= Laurie Colwin =

American novelist (1944–1992)

Laurie Colwin (June 14, 1944 – October 24, 1992) was an American writer who wrote five novels, three collections of short stories and two volumes of essays and recipes. She was known for her portrayals of New York society and her food columns in Gourmet magazine. In 2012, the James Beard Foundation inducted her into its Cookbook Hall of Fame.

== Early life ==
Colwin was born in Manhattan, New York City, and grew up in Lake Ronkonkoma, on Long Island, Philadelphia and Chicago, the second child of Estelle Colwin (née Woolfson) and Peter Colwin. In Philadelphia, she attended the Cheltenham High School, which inducted her posthumously into its Hall of Fame in 1999.

==Career==
From an early age, Colwin was a prolific writer. Her work first appeared in The New Yorker and, in 1974, her first collection of short stories was published. She was a regular contributor to Gourmet magazine and had articles in Mademoiselle, Allure, and Playboy. Her non-fiction books (Home Cooking and More Home Cooking) are collections of essays, and are as much memoirs as cookbooks. In the foreword to Home Cooking, Colwin wrote: "Even at her most solitary, a cook in the kitchen is surrounded by generations of cooks past, the advice and menus of cooks present, the wisdom of cookbook writers. In my kitchen I rely on Edna Lewis, Marcella Hazan, Jane Grigson, Elizabeth David, the numerous contributors to The Charleston Receipts, and Margaret Costa (author of an English book entitled The Four Seasons Cookery Book),"

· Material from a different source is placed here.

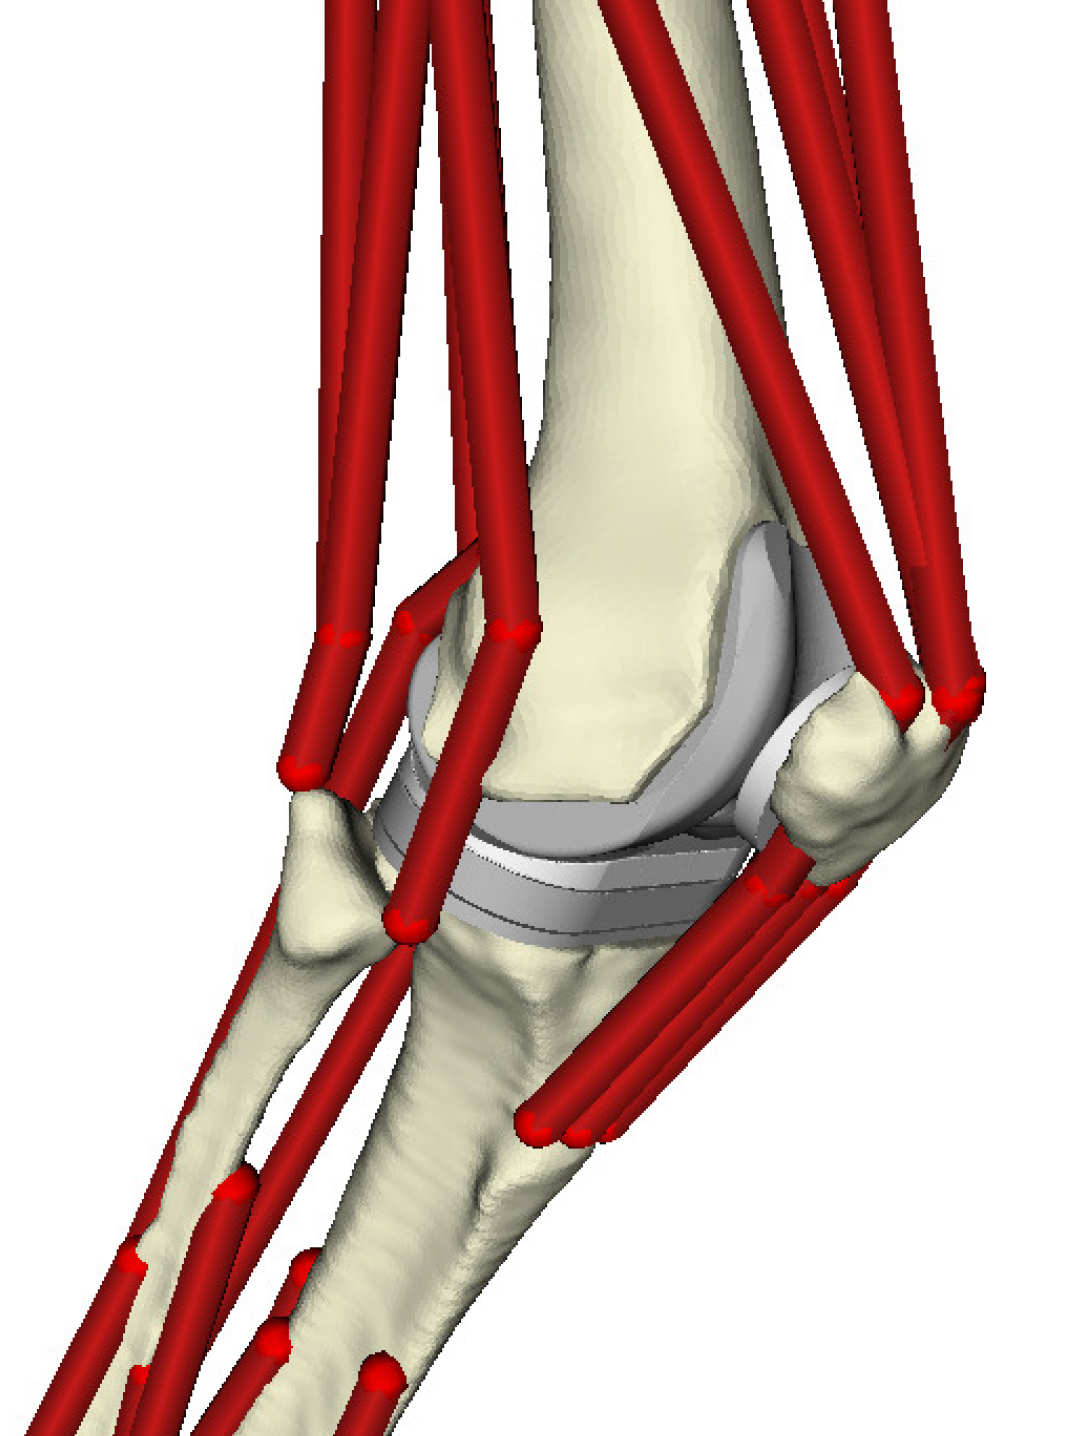 simulation of total knee replacemnt

In 2012, the James Beard Foundation posthumously inducted Colwin into their Cookbook Hall of Fame.

=== Works ===
Her published works include Passion and Affect (1974), Shine on, Bright and Dangerous Object (1975), Happy All the Time (1978), The Lone Pilgrim (1981), Wet (1974), Family Happiness (1982), Another Marvelous Thing (1988), Home Cooking (1988), Goodbye without Leaving (1990), More Home Cooking (1993), and A Big Storm Knocked It Over (1993). The PBS series American Playhouse adapted Colwin's short story An Old-Fashioned Story as a 90-minute film retitled Ask Me Again, which aired February 8, 1989.

Her last two books, More Home Cooking and A Big Storm Knocked It Over, were published posthumously. She also appears in Nancy Crampton's 2005 book of photography, Writers, which features Crampton's portraits of various literary figures.

==Personal life==

In 1983, Colwin married Juris Jurjevics (died 2018), who was a novelist and cofounder of Soho Press. They had one child, RF Jurjevics, who became a technology professional and writer-illustrator.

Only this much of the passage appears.